En cariologie, la prévention primaire est centrée sur les stratégies qui visent à empêcher l’initiation de la maladie et de ces lésions. Elle comprend la prévention de la contamination précoce par les bactéries cariogènes, les conseils visant à réduire la consommation de sucres libres, les conseils d’hygiène orale, mais aussi l’utilisation des topiques fluorés (dentifrices et vernis) et les scellements préventifs. La secondaire ambitionne un diagnostic précoce et la stabilisation de la maladie et ses lésions grâce notamment à la gestion des facteurs de risque. La tertiaire vise à traiter les lésions et prévenir les complications ; elle intègre tous les soins ultra-conservateurs (non invasifs, micro-invasifs ou invasifs a minima) à adapter en fonction de la lésion considérée et de la possibilité d’implication du patient.

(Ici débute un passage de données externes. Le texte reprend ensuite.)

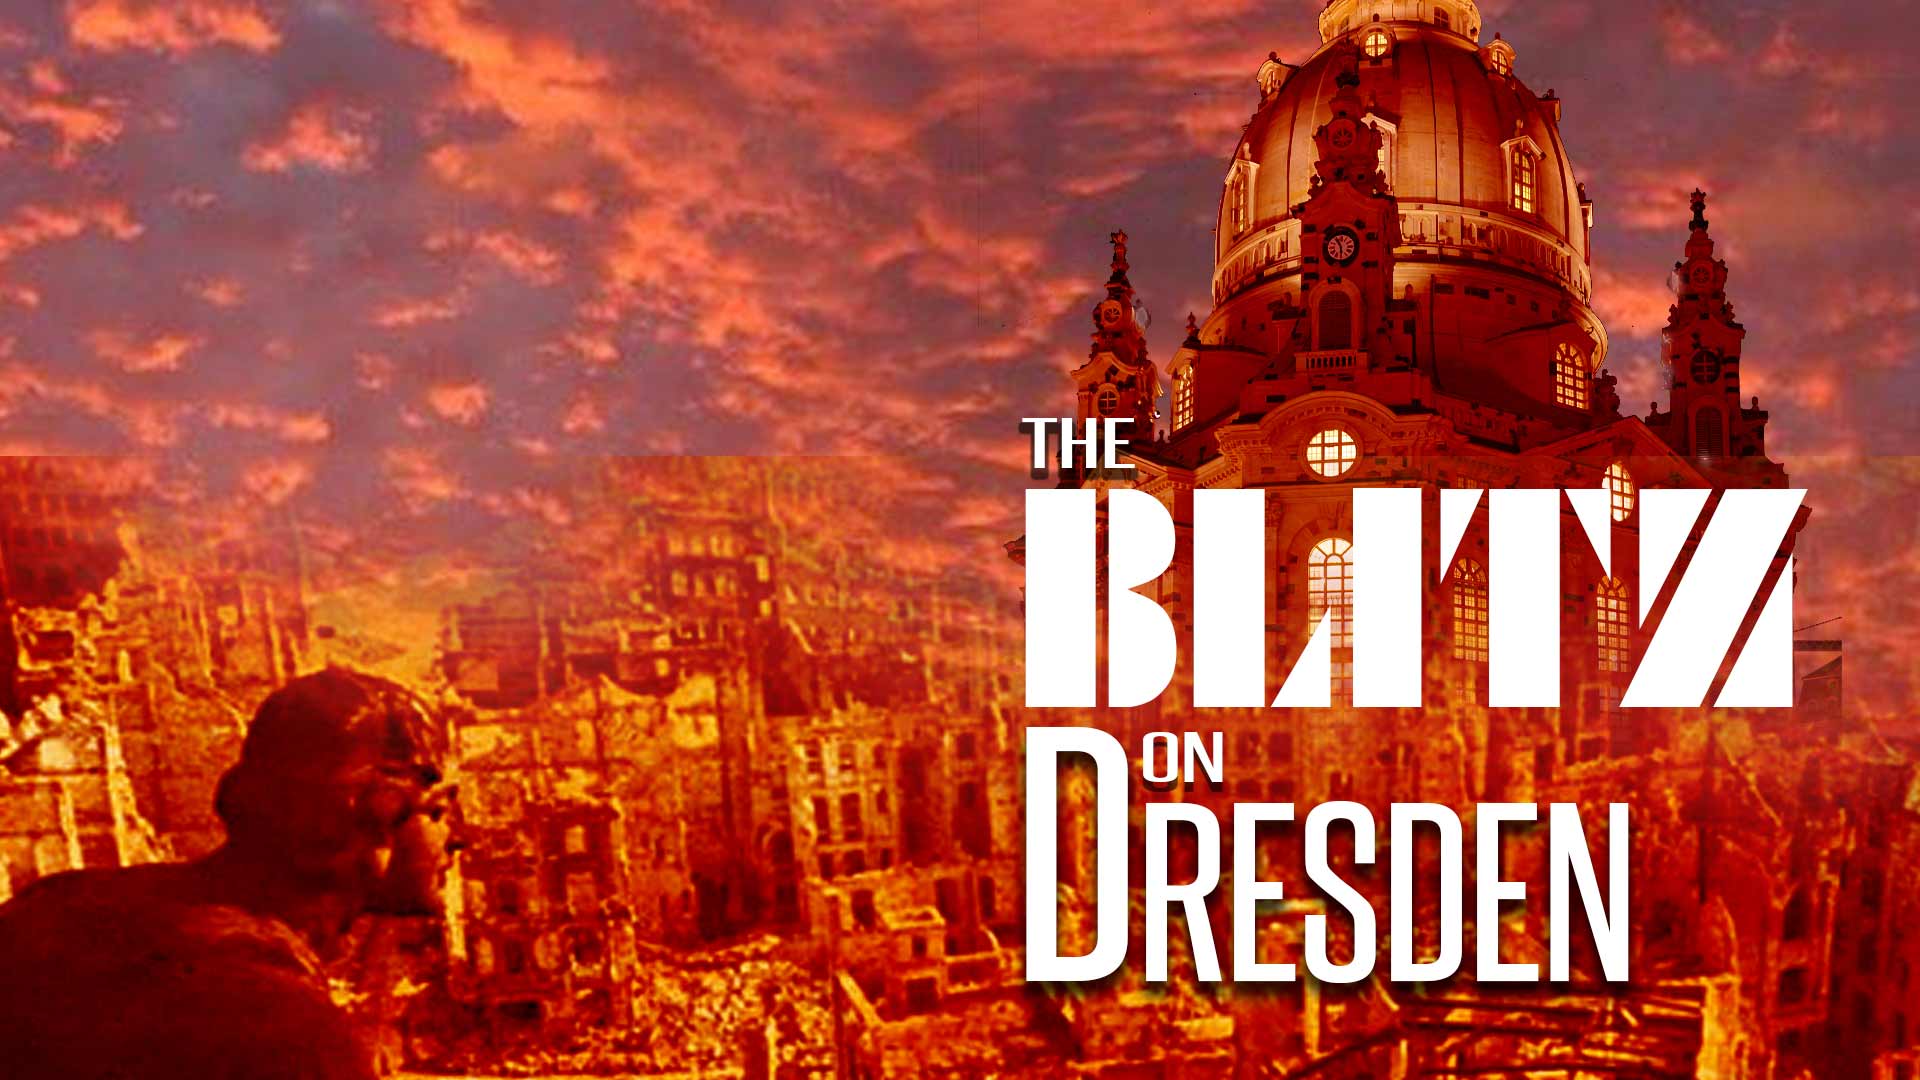 The Blitz on Dresden

Plus récemment, Doméjean et Muller-Bolla ont donc proposé de considérer la prévention quaternaire dans le domaine de la gestion de la maladie carieuse [1]. En effet, il paraît nécessaire d’éveiller les consciences à propos de la prévention quaternaire et de la nécessité d’éviter surtraitements et dommages iatrogènes :
- le sondage en tant qu’outil de détection doit être abandonné en raison de son manque de sensibilité et de spécificité, mais également de sa iatrogénicité ;
- toutes les options préventives et thérapeutiques ainsi que leur place dans le gradient thérapeutique doivent être connues ;
- la notion de suivi/surveillance doit savoir être envisagée ;
- les stratégies restauratrices doivent être discutées lésion par lésion - l’option restauratrice, même a minima, ne doit être indiquée que lorsque les non invasives (reminéralisation fluorée, scellement thérapeutique, vernis fluorure diamine d’argent) ou micro-invasives (infiltration résineuse) ont été écartées ;
- le curetage sélectif (partiel en parapulpaire, complet sur les parois en rapport avec l’angle cavo-superficiel) doit être privilégié dans le cas de lésions carieuses parapulpaires des dents ne présentant pas d’implication pulpaire ou pulpo-parodontale ;
- la dent adjacente à une préparation proximale (préparation cavitaire occluso-proximale ou préparation périphérique prothétique) doit être protégée d’un coup de fraise malheureux à l’aide d’une bande matrice métallique.
L’intégration de la prévention quaternaire en pratique clinique implique une attitude nouvelle, ouverte sur la santé du patient, informée des progrès des sciences et de la clinique, mais aussi prompte à s’interroger et faire face à cette part d’inconnu qu’est l’incertitude médicale, trame de fond de tout exercice médical. Dans un contexte où les résultats sont parfois aléatoires ou indéterminés, où les informations sont parfois ambiguës ou manquantes, où la multiplicité des causes et des interrelations génère une grande complexité, il semble primordial de savoir tolérer et gérer sa propre incertitude [6].
Intégrer les quatre niveaux de prévention en pratique clinique fait écho au concept global d’intervention minimale prônée tout au long de ce numéro spécial ; reconnaître la notion d’incertitude, condition inhérente au soin, pour y faire face rationnellement est la plus éthique des positions dont nous pouvons faire preuve dans un monde d’évolutions et bouleversements accélérés.
Les auteurs déclarent n’avoir aucun lien d’intérêts.